First, TCPS dishes are grafted with a copolymer of NIPAM and 2-carboxyisopropylacrylamide (CIPAAm) by electron beam polymerization of a NIPAM/CIPAAm mixture (CIPAAm content: 1–5 mol%). Subsequently, the synthetic cell adhesion tetrapeptide, Arg-Gly-Asp-Ser (RGDS, A9041) is linked covalently to the P(NIPAM-co- CIPAAm) grafted TCPS dish, using standard amide bond formation methodologies.18 The presence of RGDS on the interface promotes cell adhesion and growth to confluency at 37 °C under the serum-free culture conditions supplemented with recombinant growth factors. After reaching confluency, cells can be harvested as intact cell sheets by simply reducing the temperature to 20 °C, as in the case of PNIPAMgrafted culture dishes.
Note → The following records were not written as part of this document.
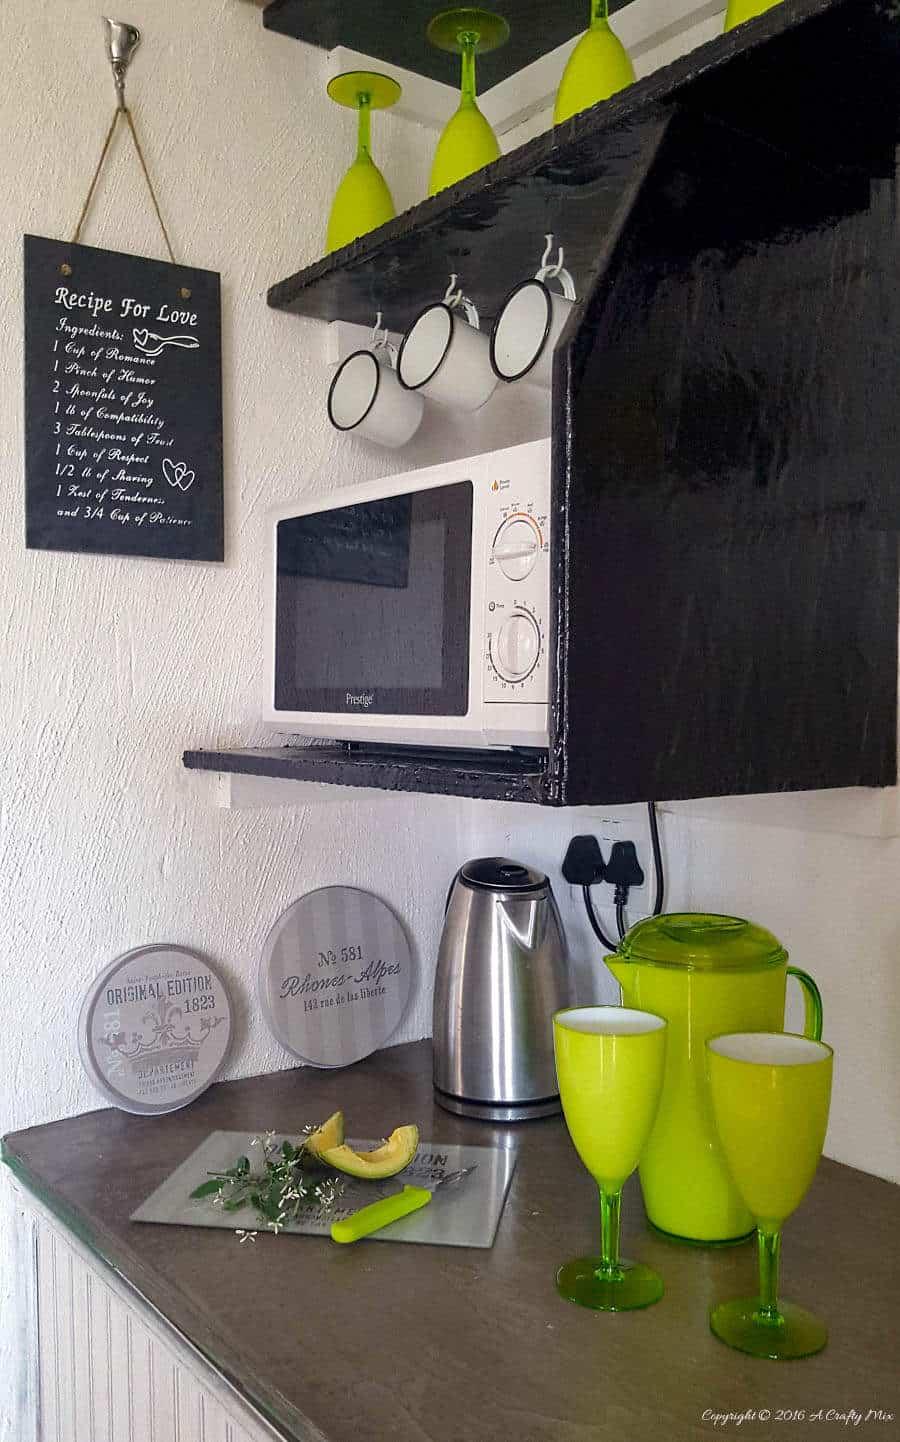 Lime green plastic jug and wine glasses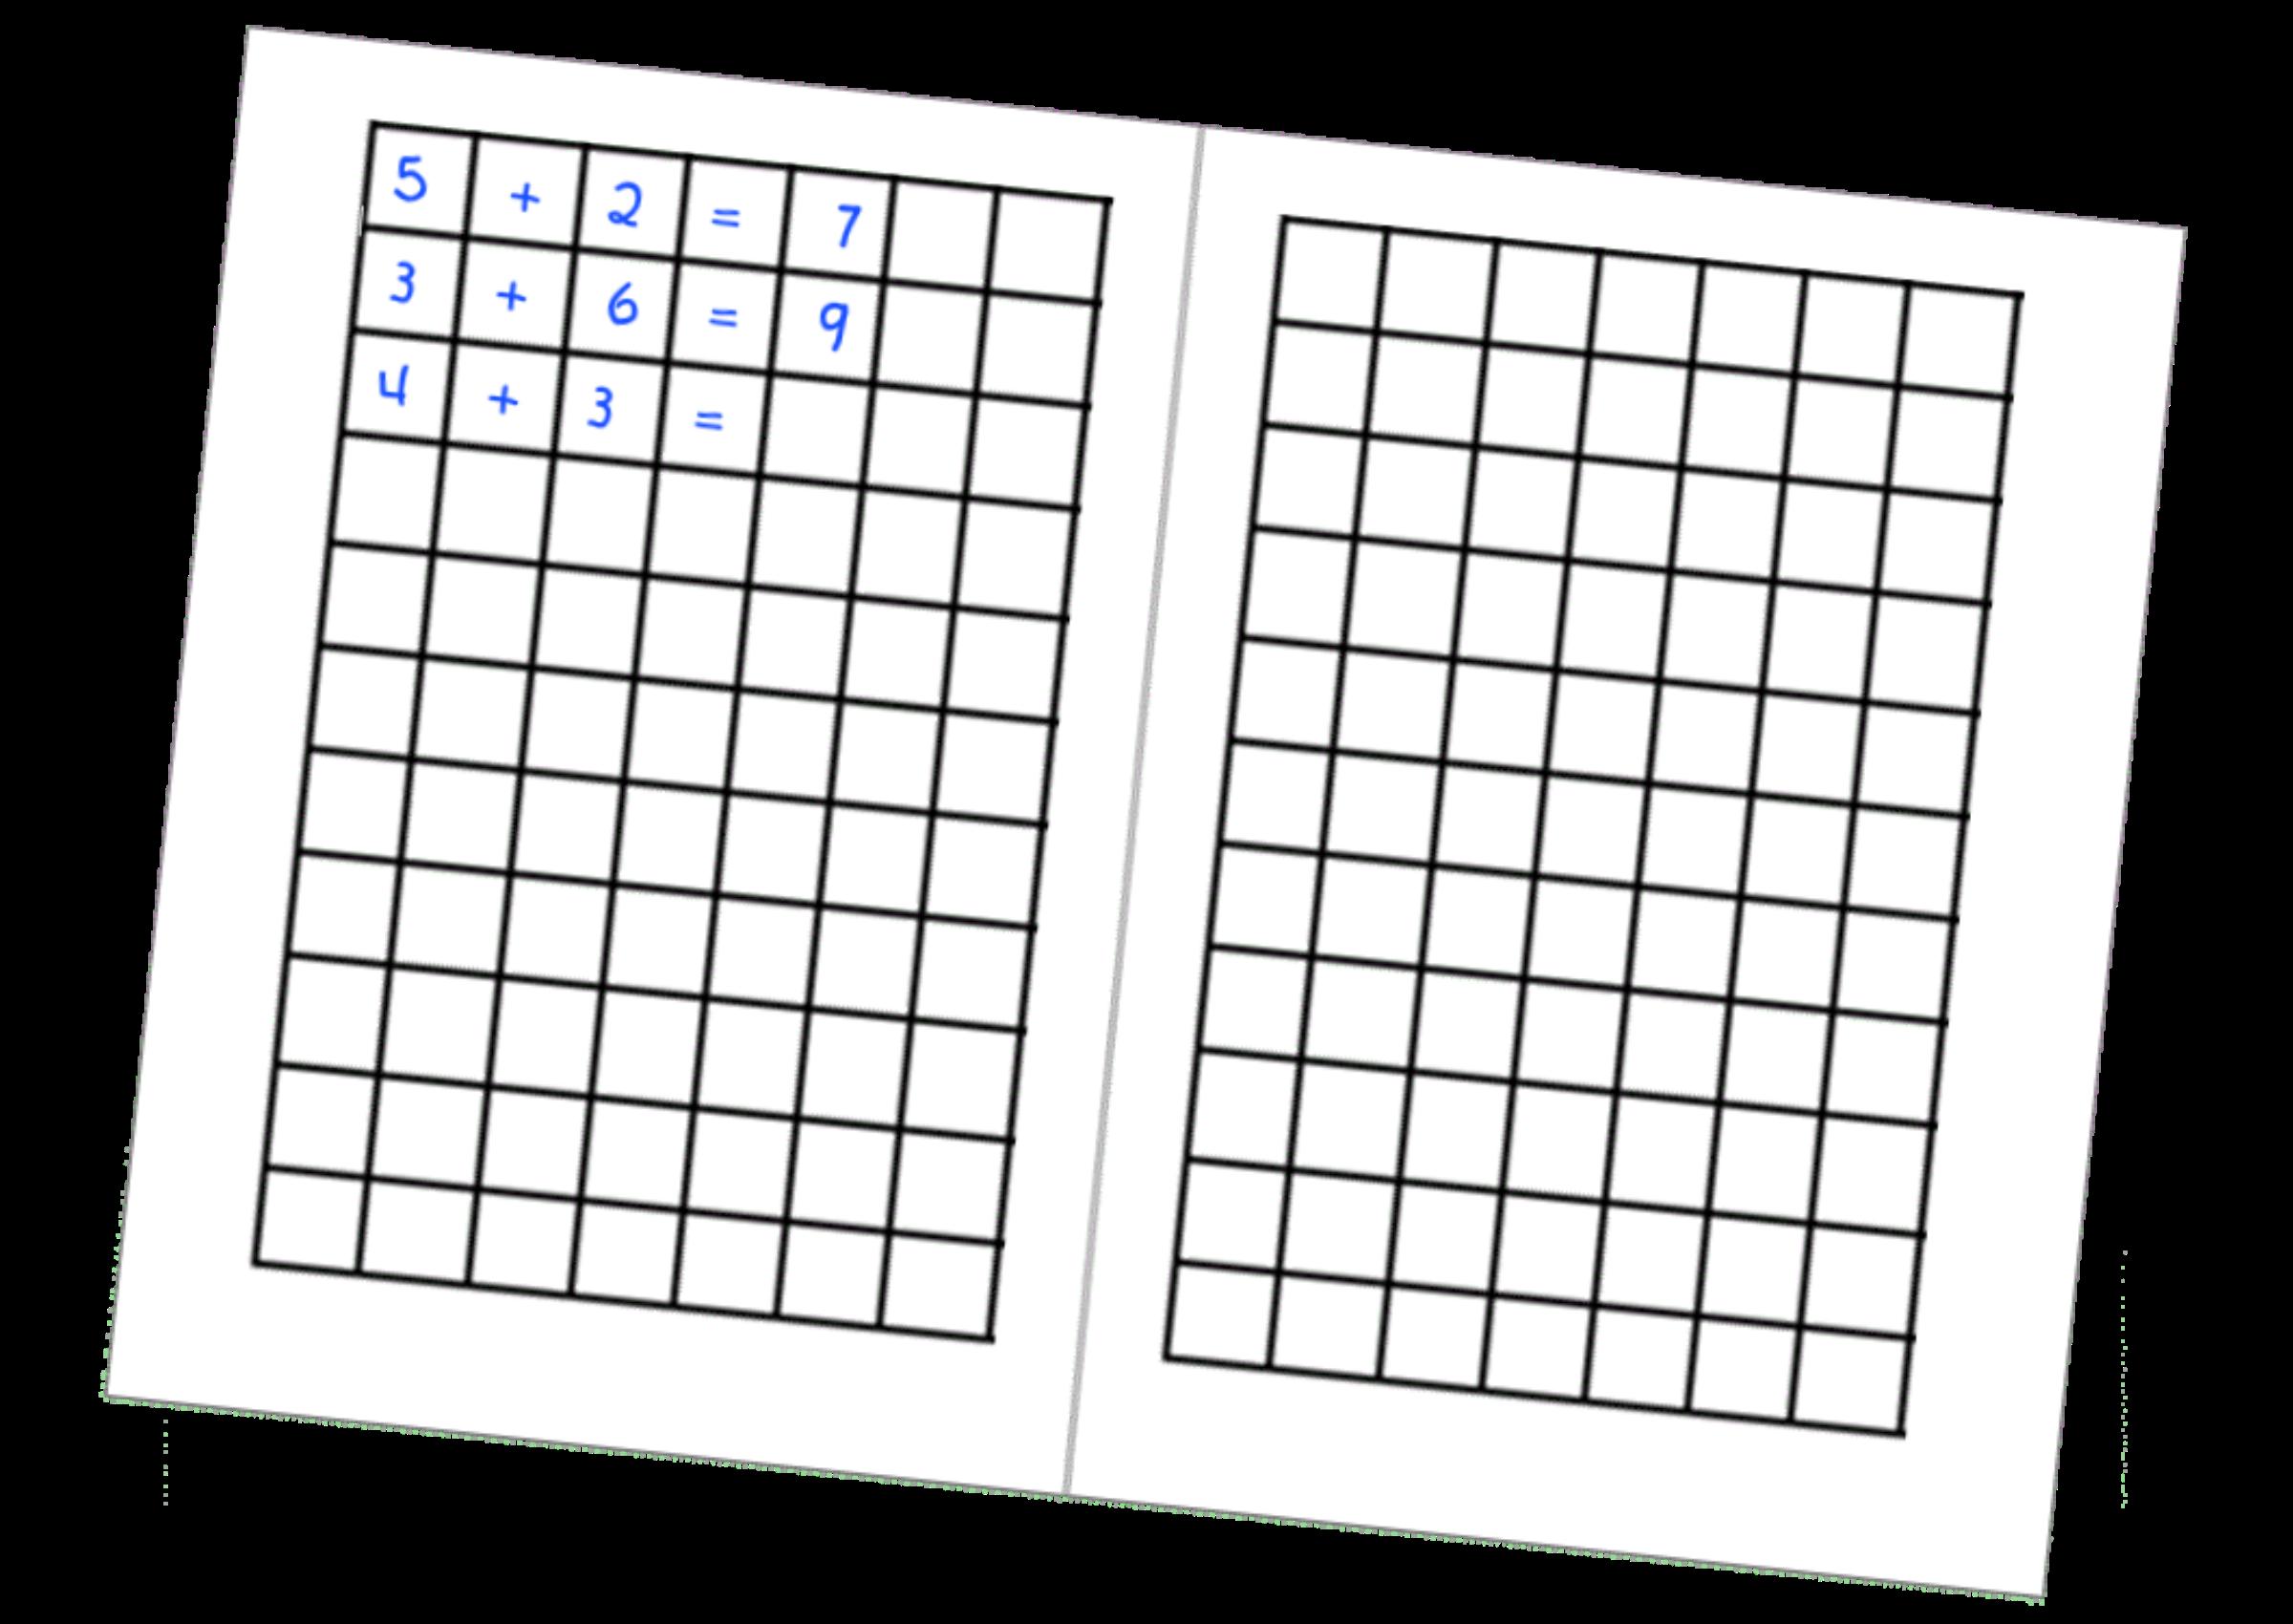 Clipart calendar math. German grid big image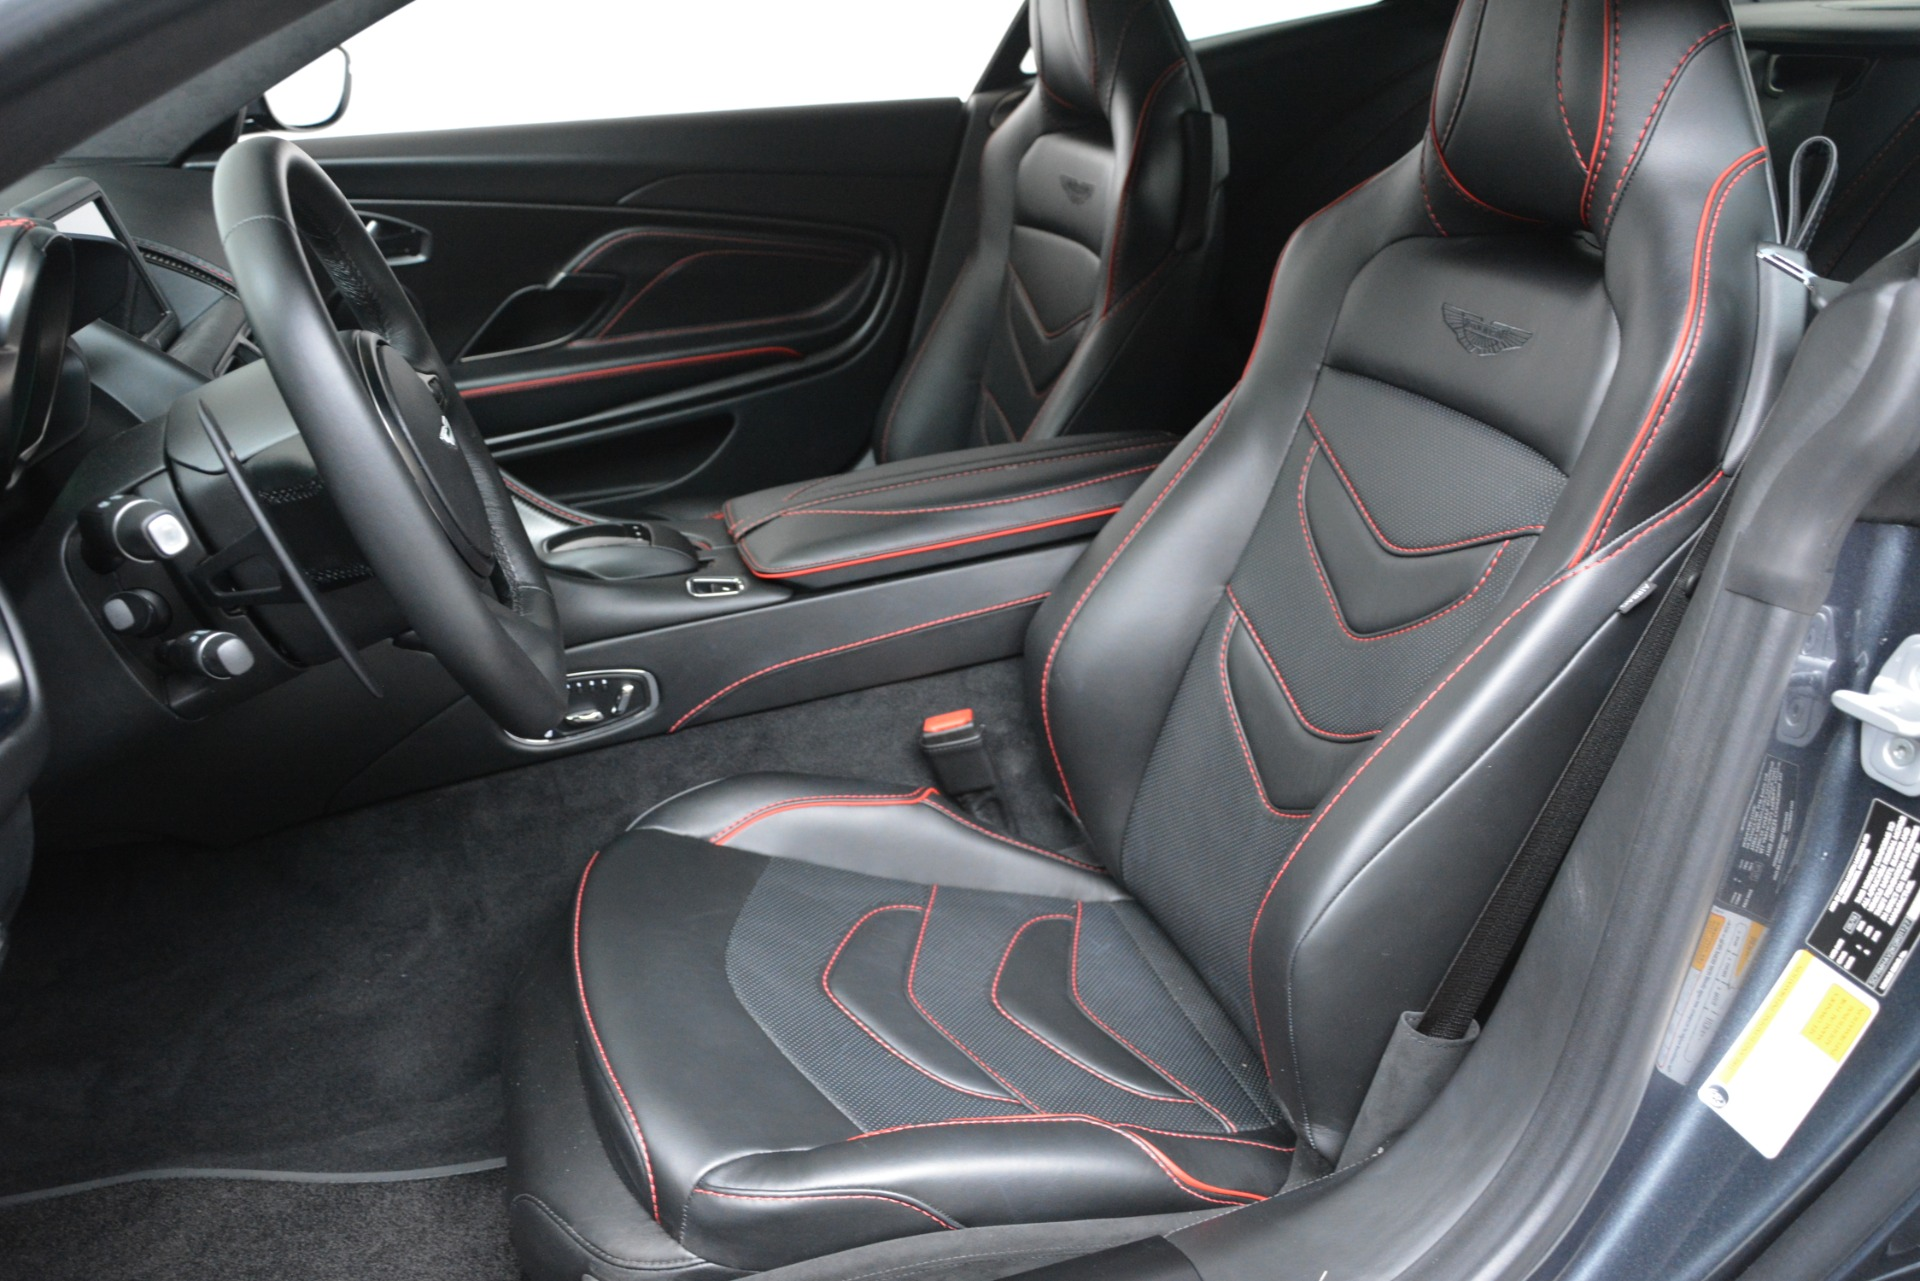 New 2019 Aston Martin DBS Superleggera For Sale In Westport, CT 3318_p13

Rehydration of the PNIPAM surface chains irreversibly disrupts the interactions between the surface-immobilized RGDS peptides and the cell membrane integrin receptors. This strategy significantly reduces the culture period and allows for the growth of cells in the absence of the traditional fetal bovine serum, which is an important consideration given the potential risks associated with the use of mammalian-sourced products in the manufacture of tissues used in clinical applications for human cell therapies.
Future progress in temperature-responsive cell sheet engineering depends on the availability of precisely optimized PNIPAM-grafted surfaces enabling the controlled fabrication of heterotypic cell sheets. One promising approach relies on the use of PNIPAM brushes of controlled thickness and grafting density prepared by controlled radical polymerization, such as atom transfer radical polymerization (ATRP) and reversible addition-fragmentation chain transfer (RAFT) polymerization.19-21 The development of these novel smart surfaces and their research and medical use will open up new frontiers in the biological and medical fields.